My home-made candied ginger is delicious... but there won't be much of it left by the time this blog post is published. The chunks are soft and tasty, but they're slightly stringy, which simply indicates that the raw ginger rhizomes (roots) that I purchased in a local fruit and vegetables store were not quite as fresh as I would have hoped. If the rhizomes had been younger (as seems to be the case for the abopve-mentioned Dutch product), there would have been no stringiness whatsoever, and the boiling operations would have rendered the chunks quite transparent.

Incidentally, when I drained the ginger chunks, I set aside the precious syrup in which they had been cooked. I then used this syrup to flavor chilled Perrier, obtaining a liquid madeleine from my childhood in South Grafton: ginger ale.
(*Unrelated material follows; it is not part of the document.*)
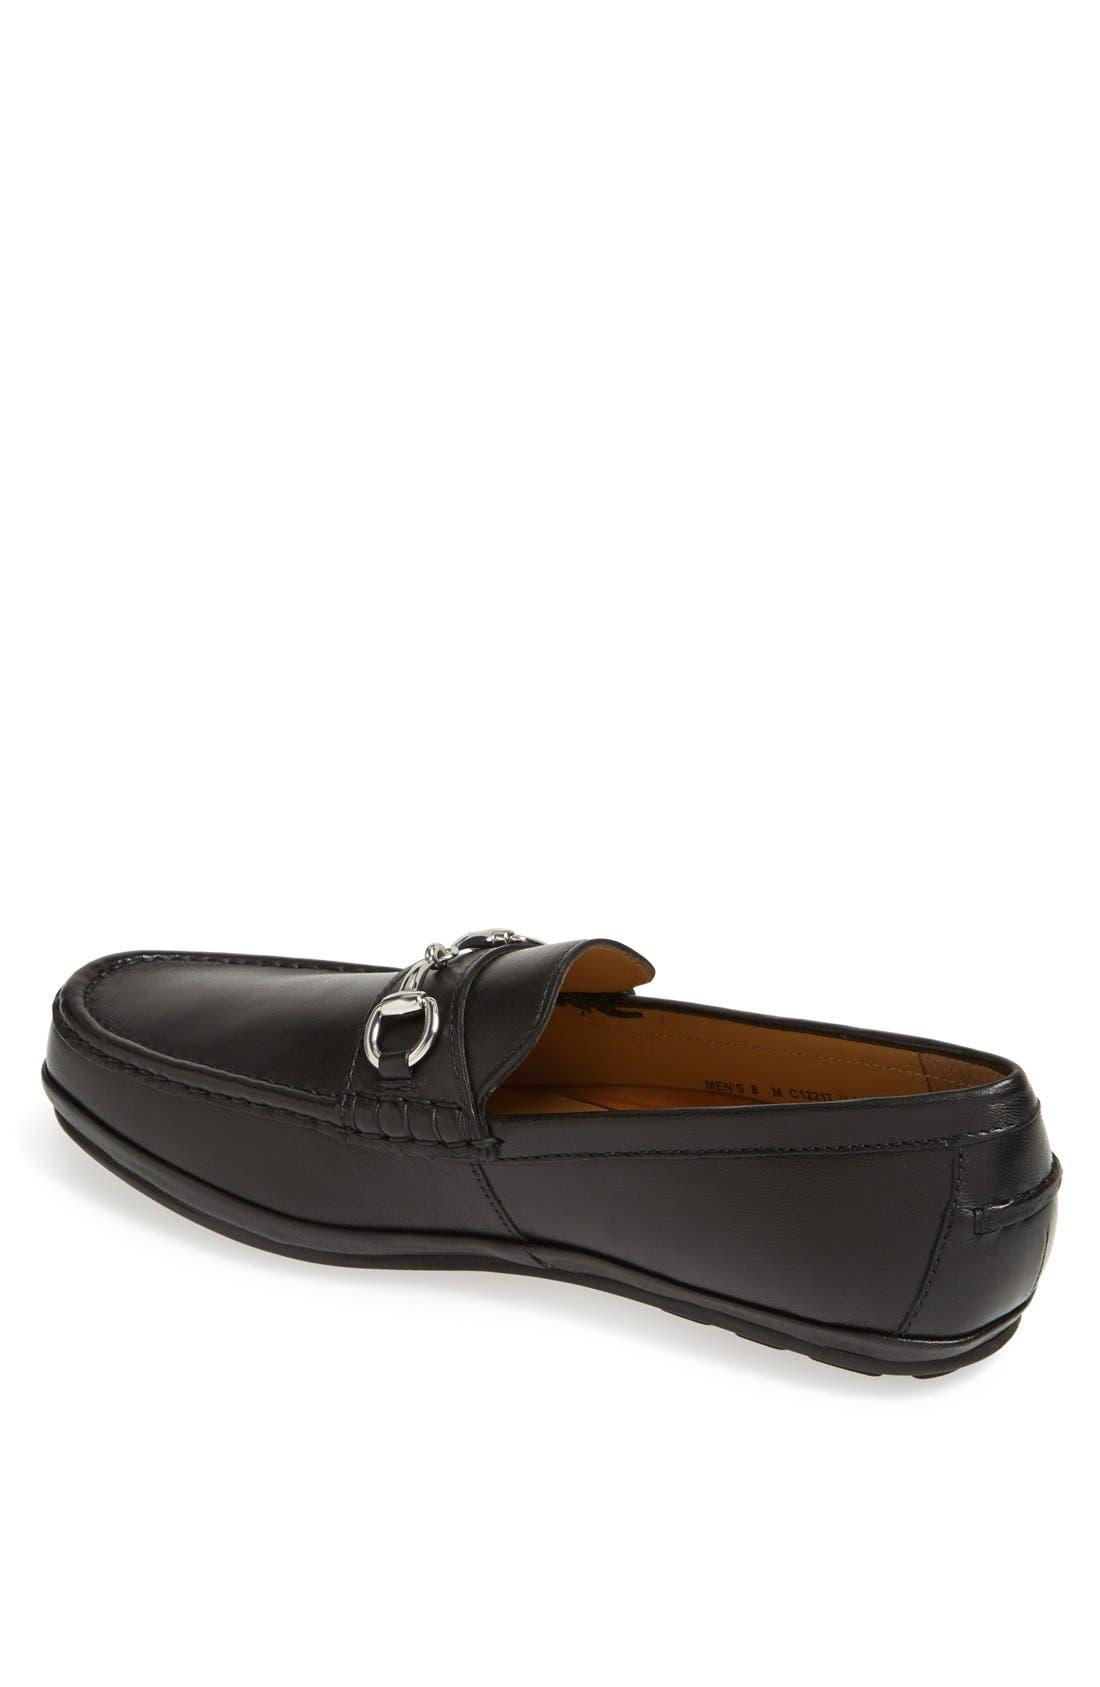 Alternate Image 2  - Cole Haan 'Hudson' Driving Shoe (Men)

Maybe the ideal way of obtaining fresh ginger rhizomes would be to actually grow the plant here in my vegetable garden at Gamone. For me, though, there's a problem. Experts state that the ideal constant temperature for ginger plants is around 25 degrees Centigrade. That more-or-less rules out Gamone... unless, of course, I were to install a small greenhouse. And, to heat it in winter, I could use a solar panel. Now, that sounds like a pretty complex project aimed at resurrecting my madeleine. Maybe I should choose the relatively simple strategy adopted by Marcel Proust, and write a book on the subject.